ラインは地図で何度も確認していた通りだったが、思ったよりサンクラストが激しかったのか、時折ボードが難しい動きをしていたのがレンズ越しに見受けられた。それでも大斜面を滑れている今この瞬間は最高の気分であろう。同時に早く安全に滑り降りたいとも思っているはずだ。ピラミッドの中腹に差しかかってやっとリラックスできたのか、レギュラーバンクの続く地形へトラバースし気持ちよさそうに当て込んでいく。彼の背景には、数年前までディグしまくって滑り続けてきた八峰が奥へと連なっていた。サポートで帯同してくれた圭介もライダーズレフトの大きな沢を気持ちよく安全に滑り切り、どうやらボトムで勇童とハイタッチを交わしているようだった。
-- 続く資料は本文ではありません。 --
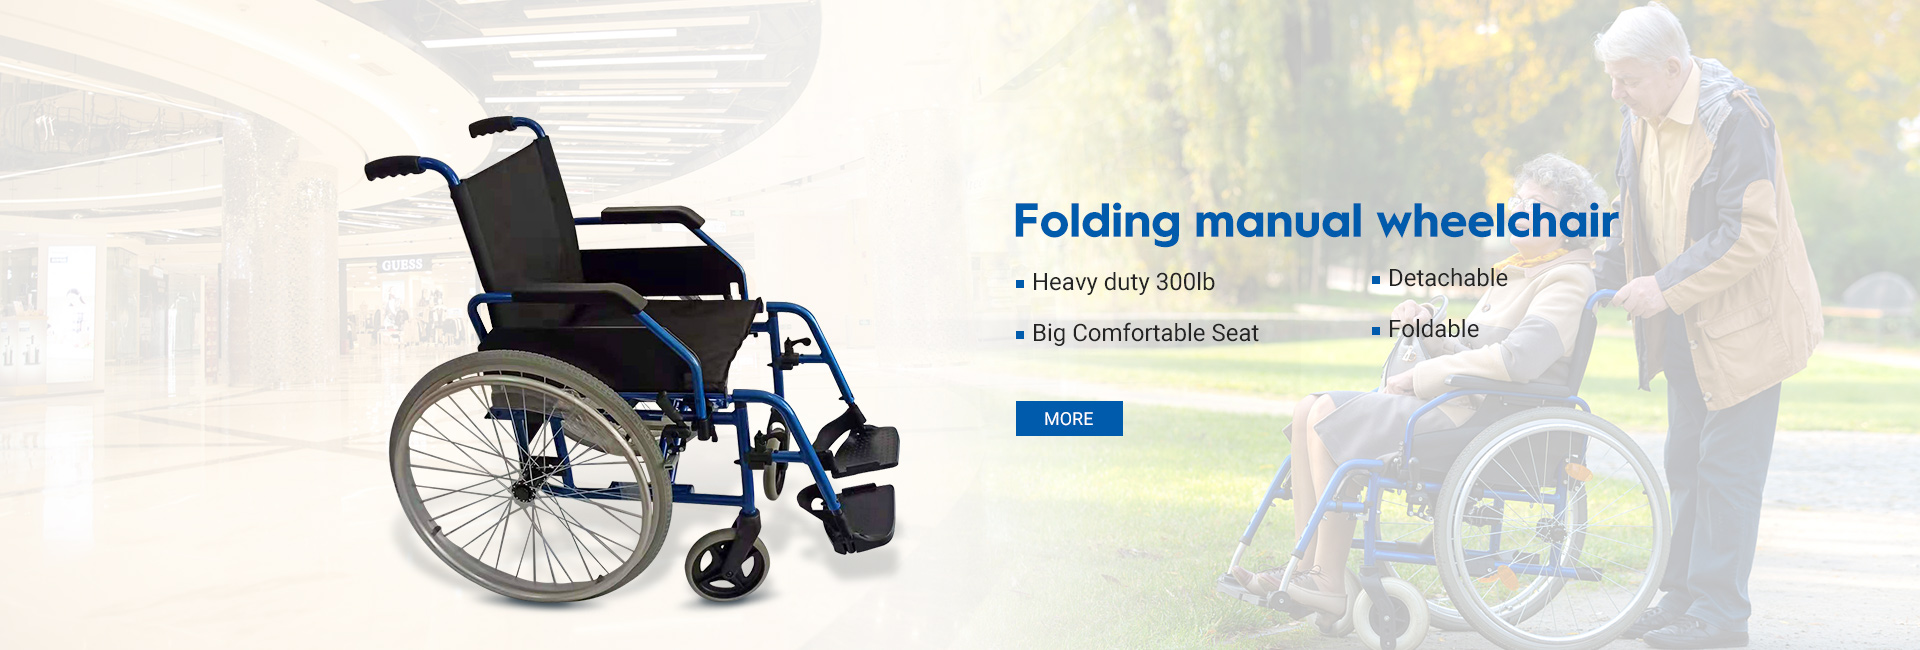 cheap manual wheelchair push chair banner1

2人が僕のいる場所まで登り返してきた頃には、辺りはオレンジ色に包まれ出し、風の音すらない無音の世界に。帰るべき時間になっているのにそこから動けない。次第にピラミッドは優しいピンク色に染まっていく。完全に身も心も入道岳にヤラれた記憶に深く残る1日だった。
ちなみに、この後も荷物の回収を含め2 回トライしたが雪が深すぎたりで全然だめだった。デポした荷物を取りに行った時の話も面白いが、それはまたの機会に。